McGeachin’s chief of staff, Jordan Watters, didn’t respond on Saturday to email and phone messages seeking further comment on McGeachin’s decision to address the gathering.

A group of more moderate Idaho Republicans who are members of a group called Take Back Idaho on Saturday called for McGeachin to resign, saying her speech at the gathering “shows that she is openly courting the most extreme fringes of society.”

Greene, according to various media reports, said she wasn’t aware of Fuentes’ views.

Republican Rep. Liz Cheney of Wyoming took issue with Republicans taking part in what she called a “white supremacist, anti-Semitic, pro-Putin event.”

On Twitter, she also took issue with fellow Republicans remaining silent.

“All Americans should renounce this garbage and reject the Putin wing of the GOP now,” she tweeted.

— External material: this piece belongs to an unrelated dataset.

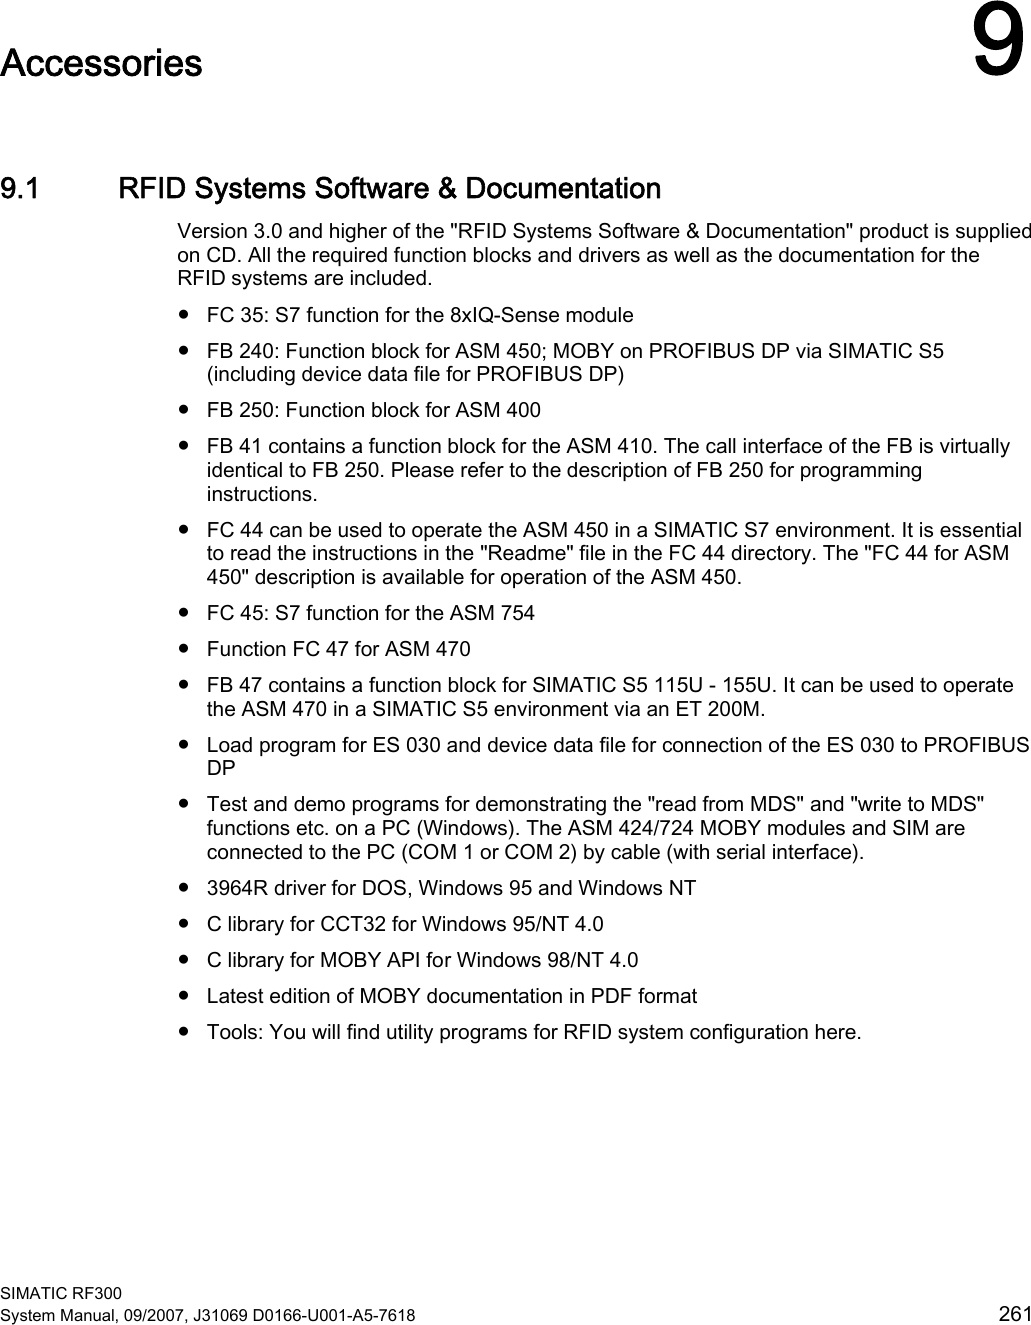  SIMATIC RF300 System Manual, 09/2007, J31069 D0166-U001-A5-7618  261 Accessories  99.1 RFID Systems Software &amp; Documentation Version 3.0 and higher of the &quot;RFID Systems Software &amp; Documentation&quot; product is supplied on CD. All the required function blocks and drivers as well as the documentation for the RFID systems are included.  ●  FC 35: S7 function for the 8xIQ-Sense module ●  FB 240: Function block for ASM 450; MOBY on PROFIBUS DP via SIMATIC S5 (including device data file for PROFIBUS DP) ●  FB 250: Function block for ASM 400 ●  FB 41 contains a function block for the ASM 410. The call interface of the FB is virtually identical to FB 250. Please refer to the description of FB 250 for programming instructions. ●  FC 44 can be used to operate the ASM 450 in a SIMATIC S7 environment. It is essential to read the instructions in the &quot;Readme&quot; file in the FC 44 directory. The &quot;FC 44 for ASM 450&quot; description is available for operation of the ASM 450. ●  FC 45: S7 function for the ASM 754 ●  Function FC 47 for ASM 470 ●  FB 47 contains a function block for SIMATIC S5 115U - 155U. It can be used to operate the ASM 470 in a SIMATIC S5 environment via an ET 200M. ●  Load program for ES 030 and device data file for connection of the ES 030 to PROFIBUS DP ●  Test and demo programs for demonstrating the &quot;read from MDS&quot; and &quot;write to MDS&quot; functions etc. on a PC (Windows). The ASM 424/724 MOBY modules and SIM are connected to the PC (COM 1 or COM 2) by cable (with serial interface). ●  3964R driver for DOS, Windows 95 and Windows NT ●  C library for CCT32 for Windows 95/NT 4.0 ●  C library for MOBY API for Windows 98/NT 4.0 ●  Latest edition of MOBY documentation in PDF format ●  Tools: You will find utility programs for RFID system configuration here.

Cheney has been setting multiple personal fundraising records despite a GOP backlash over her vote to impeach Trump in the Jan. 6, 2021, insurrection at the U.S. Capitol and for her unrelenting public criticism of Trump. Trump backs her Republican opponent in Wyoming’s Republican primary in August.

Trump has endorsed McGeachin for Idaho governor. Little, who often touts the state’s record budget surplus of about $2 billion and significant cuts in state regulations, has not announced he’s running for reelection but is widely expected to do so in the coming weeks.

Idaho hasn’t had a Democratic governor in decades and the state’s gubernatorial election is typically decided during Idaho’s Republican primary in May because the winner of that contest almost always wins the later general election.

Another well-recognized name in the gubernatorial race, antigovernment activist Ammon Bundy, earlier this month dropped out of the Republican primary to run as an independent.

Bundy attracted international attention when he led a group of armed activists in the 2016 occupation of the Malheur National Wildlife Refuge in Oregon to protest federal control of public lands. He was later acquitted of federal charges in connection with the occupation.